My quick fix would be

diff --git a/src/trees/NodeAllocator.cpp b/src/trees/NodeAllocator.cpp
index 0443213..ec0e99f 100644
--- a/src/trees/NodeAllocator.cpp
+++ b/src/trees/NodeAllocator.cpp
@@ -341,8 +341,8 @@ template <int D> int NodeAllocator<D>::findNextOccupied(int sIdx) const {
     bool endOfStack = (sIdx >= this->topStack);
     while (posIsAvailable and not(endOfStack)) {
         sIdx++;
-        posIsAvailable = (this->stackStatus[sIdx] == 0);
         endOfStack = (sIdx >= this->topStack);
+        posIsAvailable = (!endOfStack) || (this->stackStatus[sIdx] == 0);
     }
     assert(sIdx >= 0);
     assert(sIdx < this->stackStatus.size());

but I'm not sure if this is how the function is supposed to work

Now that this has been fixed by #190, and compile issues and tests were fixed in #188, would it not make sense to make a bugfix release?

Yes, coming up. Starting the year with some linux kernel problems on my laptop, though 😛

Actually, looking at the code once more, I don't think there was a problem with the highlighted code. The "stack" in question is not a proper stack, in that positions other than the top might get deleted along the way. Then to avoid the number of holes getting too large we occasionally do a compression of the stack, which is the only time this function findNextOccupied is called. The this->topStack variable is supposed to point to the last occupied position at any given time, so it should never point to anything greater than the overall size of the stack (which is actually a std::vector). Then the original test for endOfStack = (sIdx >= this->topStack) should be sufficient to avoid overflow.

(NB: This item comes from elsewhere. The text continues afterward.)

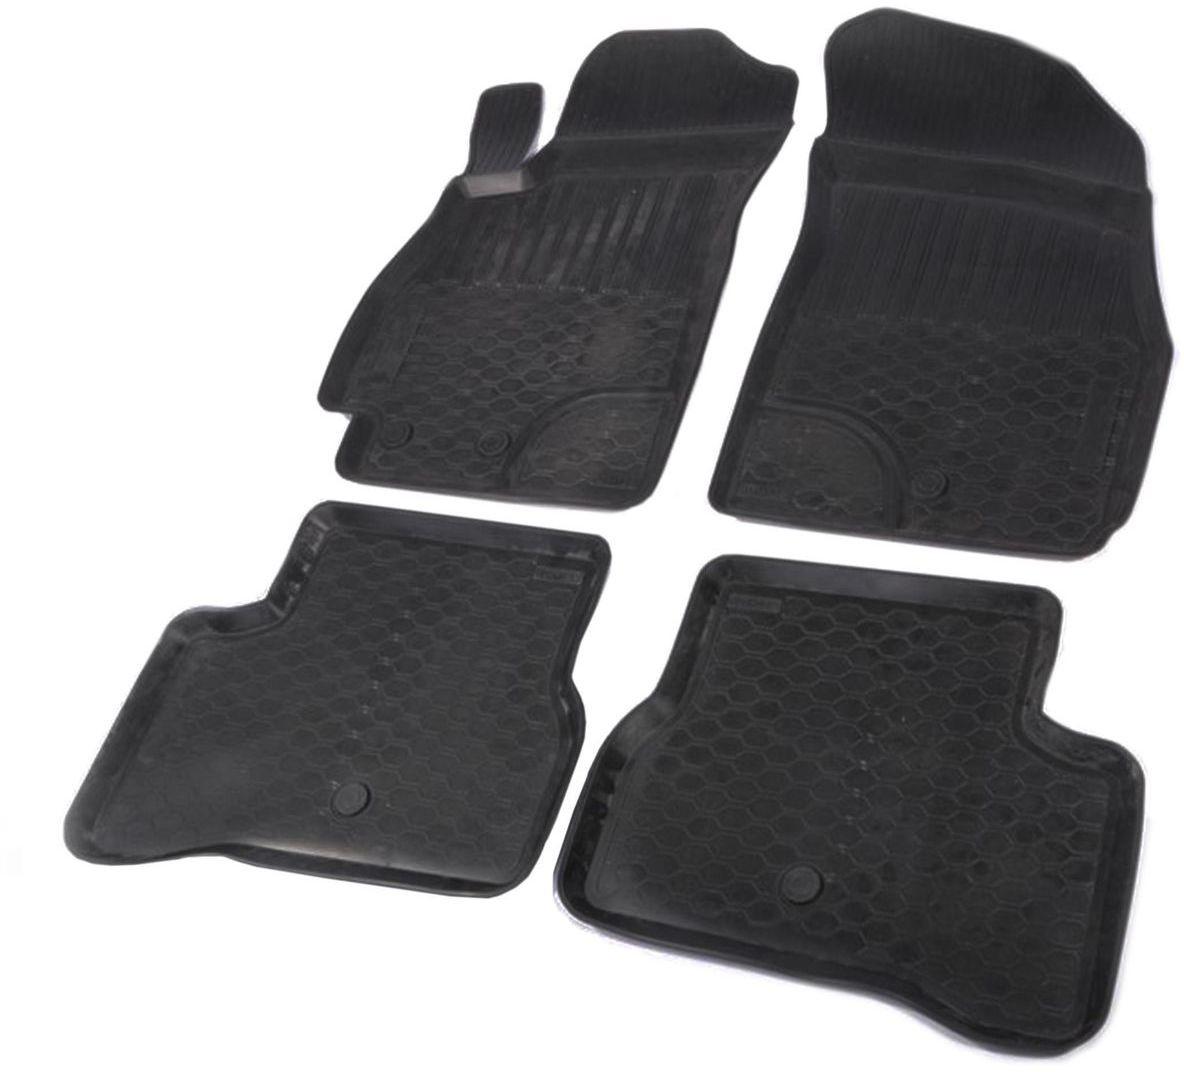 Коврики в салон Rival для Hyundai Accent 2005-2013, с крепежом, полиуритан, 4 шт. 1231100112311001Прочные и долговечные коврики Rival в салон автомобиля, изготовлены из высококачественного и экологичного сырья. Коврики полностью повторяют геометрию салона вашего автомобиля.- Надежная система крепления, позволяющая закрепить коврик на штатные элементы фиксации, в результате чего отсутствует эффект скольжения по салону автомобиля.- Высокая стойкость поверхности к стиранию.- Специализированный рисунок и высокий борт, препятствующие распространению грязи и жидкости по поверхности коврика.- Перемычка задних ковриков в комплекте предотвращает загрязнение тоннеля карданного вала.- Коврики произведены из первичных материалов, в результате чего отсутствует неприятный запах в салоне автомобиля.- Высокая эластичность, можно беспрепятственно эксплуатировать при температуре от -45°C до +45°C. Уважаемые клиенты! Обращаем ваше внимание, что коврики имеют форму, соответствующую модели данного автомобиля. Фото служит для визуального восприятия товара.

This however means that there must be something else wrong somewhere, perhaps that topStack for whatever reason do point out-of-bounds of the stackStatus vector.

Could it be that it's the initial bool posIsAvailable = (this->stackStatus[sIdx] == 0); that was the problem, not the one in the loop? If the sIdx input parameter was out-of-bounds there would indeed be a problem. Then the reason your fix solved the issue could be that the initial stackStatus[idx] evaluation is now optimized away since it's value is not used before it's overwritten inside the loop?

Edit: should not happen as there is a corresponding break statement before calling findNextOccupied(sIdx) in case sIdx >= topStack. Then the only reason I can think of is that topStack >= stackStatus.size(), which would mean something more fundamental has gone wrong.

Turns out topStack points to last last occupied plus one. Now everything makes sense, since we can get in the situation sIdx == topStack == stackStatus.size() which leads to an overflow in a subsequent stackStatus[sIdx] evaluation. Another fix coming up, including it's sister function findNextAvailable().

Bugfix release v1.4.1 out